# GSD around horses?



## Lilyreese (Jul 9, 2017)

We are wanting to add a large dog to the family and have been seriously considering a GSD. We have horses and ride often, so I want a dog that I can take to the barn with me. Are GSD's typically good around horses? Would barking be a problem, and how hard would it be to train the pup to sit at the end of the arena while I'm riding? I don't want a dog that will be a distraction. 

We have two kids, 5/9, so I'd like a dog that will follow them around and keep an eye on them as well. My oldest likes to go on little trail rides with her friend on their ponies, and I would feel much better if she had a dog to go with her. I was reading that German Shepherds can be one person dogs, would it still follow and watch the kids? My frenchie now is very much a velcro dog, and completely ignores the kids. She will follow every step I take though-poor kiddos! 

Finally, are GSD's typically good with new dogs? We plan on socializing the dog lots when it's a pup. 

*background info-my mom was a dog trainer, so I have a decent amount of knowledge when it comes to dog training, and I have had dogs my entire life. Totally new to German Shepherds though!


----------



## Mary Beth (Apr 17, 2010)

To get your started, about the horses, this older thread:

http://www.germanshepherds.com/forum/how-do-i-teach-my-dog/527529-puppy-horses.html


----------



## sebrench (Dec 2, 2014)

I don't own horses--so I can't be of much help with that aspect. My neighbor used to board horses in our back field, and my GSDs would bark a lot when the horses got too close to our fence. So, I don't think my two would be ideal around horses without additional training. And perhaps nothing would make them ideal around horses. (However, they weren't raised with horses). My same neighbor also has GSDs and takes them around his horses all the time seemingly w/o a problem. It might depend on the dog. If this were important to me, I would go to a responsible, professional breeder who could pick out an appropriate pup for me.

*"We have two kids, 5/9, so I'd like a dog that will follow them around and keep an eye on them as well. My oldest likes to go on little trail rides with her friend on their ponies, and I would feel much better if she had a dog to go with her. I was reading that German Shepherds can be one person dogs, would it still follow and watch the kids? My frenchie now is very much a velcro dog, and completely ignores the kids. She will follow every step I take though-poor kiddos!"*

I have a toddler and a 2-month-old, and so far my GSDs have been wonderful family dogs. I don't think a GSD will ignore your kids. But do be aware that GSD puppies can be mouthy. They aren't called landsharks for nothing. That can be upsetting to some kids. GSDs might also try to chase/herd and/or jump on/knock over smaller children. Just some things to be aware of. Training and strong obedience is necessary when there are children around--as I'm sure you know. 

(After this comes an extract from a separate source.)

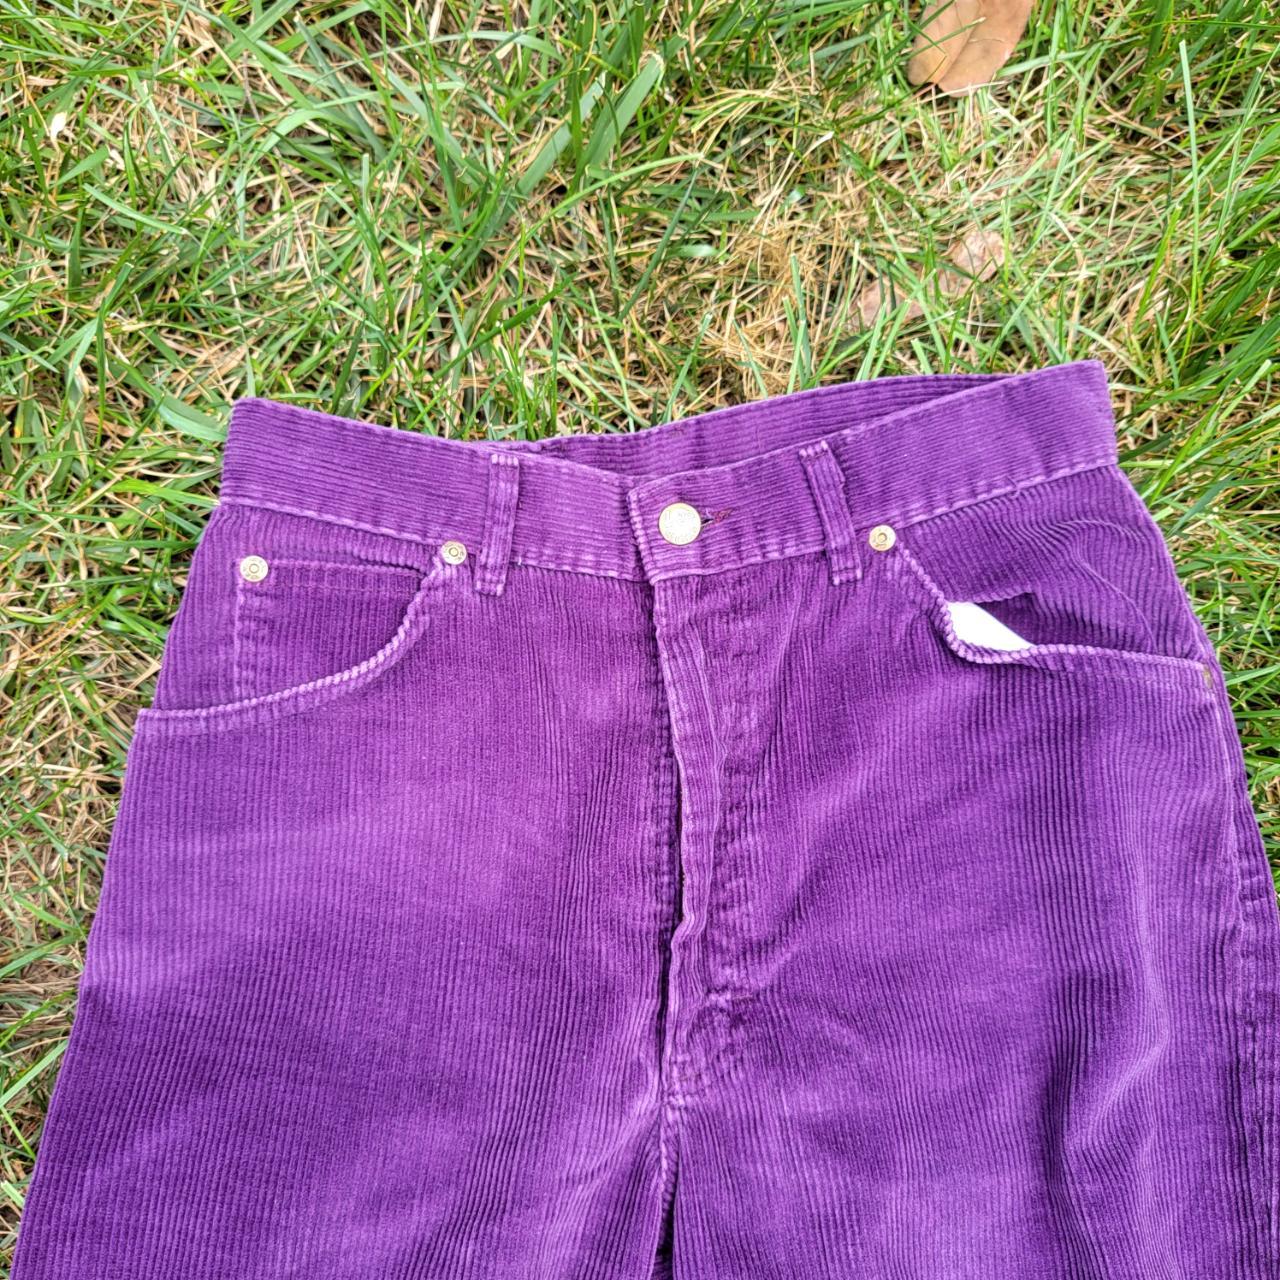 LEE purple corduroy jeans vintage 90s high waisted... - Depop

(This probably isn't what you have in mind, but I would not allow a 9-year-old to handle a GSD without adult supervision, especially if there are also horses/ponies involved.). 

*Finally, are GSD's typically good with new dogs? We plan on socializing the dog lots when it's a pup. 
*
* In my experience, this depends on the context and the dog. I do not think that GSDs tend to be the best choices for dog-parks, doggie daycares, or other places where multiple dogs play off-leash. My current dogs are excellent around other dogs--BUT (and a big BUT) I do not allow off-leash interactions with strange dogs.


----------



## crittersitter (Mar 31, 2011)

My GSD puppy was raised with horses and respects them. My older adopted GSDs were trained to leave them alone.


----------



## Jenny720 (Nov 21, 2014)

It is more work if you choose to bring your dog down to the barn. A few people let there dogs wander offf leash don?t even watch them. I opt to leave my dogs home. The barn owners dog got kicked in the head lucky he lived. There was a women who used to bring her gsd pup to the barn she went on trail rides to with the pup they were really cute together her previous gsd who had past away was also a barn brat. Best to start them young if you have a pup can train them to leave them alone if older. Most dogs that are at the barn pay no attention to the horses.


----------



## Pawsed (May 24, 2014)

Dogs can be fun to take on trail rides, or a total disaster. If they see something interesting, like a deer or fox, they might take off after it. Their running through the woods can spook the horses and you know how that can go. Or they could run out in front of the horse chasing something. If the dog is well trained, you can prevent those things, but I'm not sure your children at their ages would have that much control over the dog.


----------